The chief scientist at an Internet security company said Microsoft built in a "key" for the nation's most powerful intelligence agency to the cryptographic standard used in Microsoft Windows 95, Windows 98, Windows NT4 and Windows2000.
To use cryptographic applications in Windows, users must load its cryptography architecture in a standard called CryptoAPI.
A year ago, researchers discovered there were two keys, or digital signatures, that allowed the loading of CryptoAPI -- Microsoft had one but the identity of the other keyholder was a mystery.
Andrew Fernandes of Ontario-based Cryptonym Corp. and his colleagues now say the NSA holds the second key because they found that a recent service pack for Windows NT failed to cloak the second key, revealing it as "_NSAKEY."
"In the data security profession, those three initials only mean one thing: National Security Agency," Fernandes said.

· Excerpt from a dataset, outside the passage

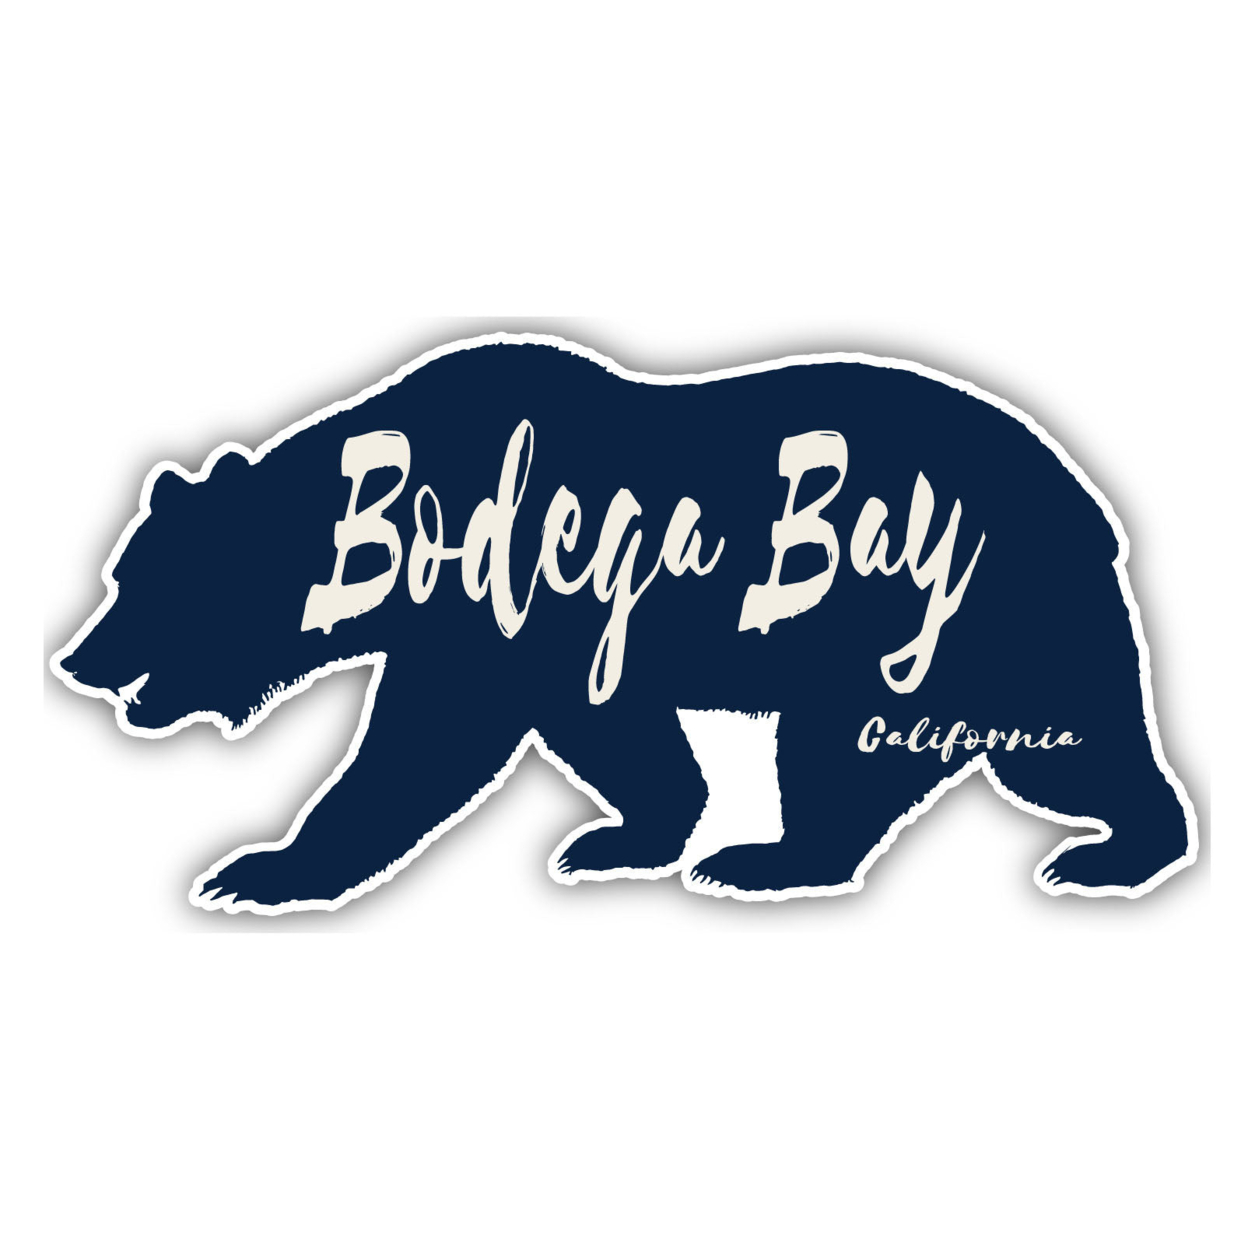 Bodega Bay California Souvenir Decorative Stickers (Choose Theme And Size) - Single Unit, 6-Inch, Camp Life

Microsoft denied that the key belongs to the NSA, saying instead that the "_NSAKEY" label simply means the cryptography architecture meets the NSA's standards for export.
"These reports are completely false," said Microsoft spokesman Dan Leach.
"The key does not allow any other party to start or stop cryptographic services on anyone's computers.
"So no, the government cannot spy on your computer using Microsoft software. We don't intentionally leave backdoors. Microsoft has consistently opposed key escrow because we feel it is no good for the consumer, for Microsoft and no good for the government."
Fernandes said the NSA key would allow the intelligence agency to load services on users' machines without their authorization, an option it more likely would use against a corporation than an individual.
Fernandes posted a "fix" to the key on his Web site Friday, along with a press release announcing his report on the second key. The NSA failed to return comment on the key.
The alleged NSA key came to light just days after Microsoft squelched a breach to its Web-based e-mail service, Hotmail.